Desde entonces la población humana ha crecido exponencialmente, en buena parte gracias a la revolución verde, que burló o, al menos, retrasó la trampa malthusiana de la población. ¿Todo bien? No tan deprisa: el nitrógeno de la atmósfera (N2) es inerte y sus beneficios para la vida en el planeta sólo se liberan cuando sus moléculas se descomponen. Este proceso lo realizan un selecto grupo de bacterias que habitan en la tierra, el agua dulce y salada y las raíces de las plantas leguminosas. Y los humanos, claro, desde el desarrollo de Haber-Bosch.

Pero el nitrógeno liberado también tiene peliagudas contrapartidas medioambientales, según los autores. En concreto, el nitrógeno “es el elemento más promiscuo de la naturaleza, por lo que puede combinar con multitud de elementos para extenderse a grandes distancias (…) A medida que el fertilizante penetra en el océano dispara el crecimiento de plantas microscópicas que, en su descomposición, consumen el oxígeno, generando las llamadas zonas muertas”.

El nitrógeno también influye en el clima. Según el climatólogo Antón Uriarte: “El óxido nitroso emitido por el suelo es un gas invernadero, es decir, calienta el aire, aunque como su concentración es más pequeña que el CO2, su influencia es unas cinco veces menor.” Uriarte es el autor del blog disidente CO2, un gas que “es junto con el agua el factor esencial de la vida orgánica terrestre”. Tal vez alguien debería defender también al nitrógeno.
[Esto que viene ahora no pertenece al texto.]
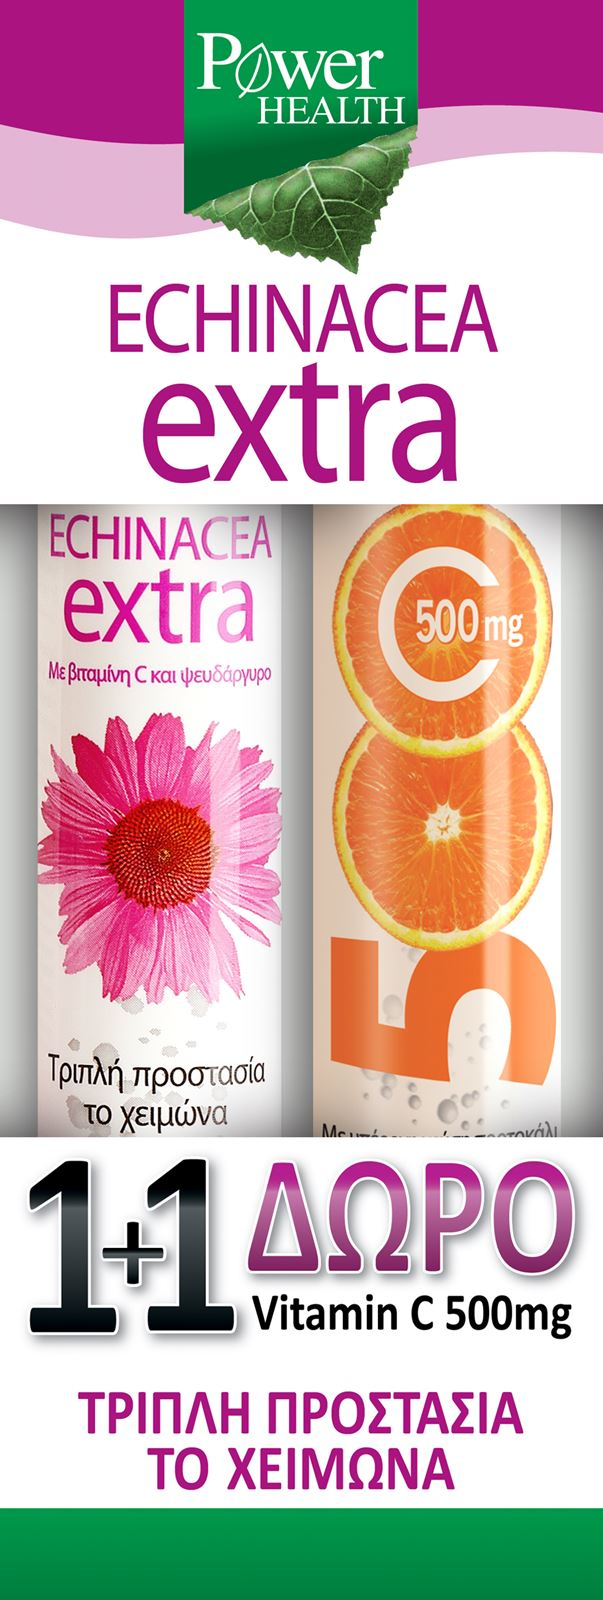 power health echinacea-extra-24tabs-doro-vitamin-c-500mg-20tabs.jpg

Otros efectos colaterales apuntados en el artículo de Townsend y Howarth son una mayor incidencia de cáncer entre las personas que beben agua con altos niveles de nitratos, así como una aumento del riesgo de diabetes y Alzheimer. Enfermedades víricas como la malaria o el cólera también aumentan su eficacia en entornos ricos en nitrógeno.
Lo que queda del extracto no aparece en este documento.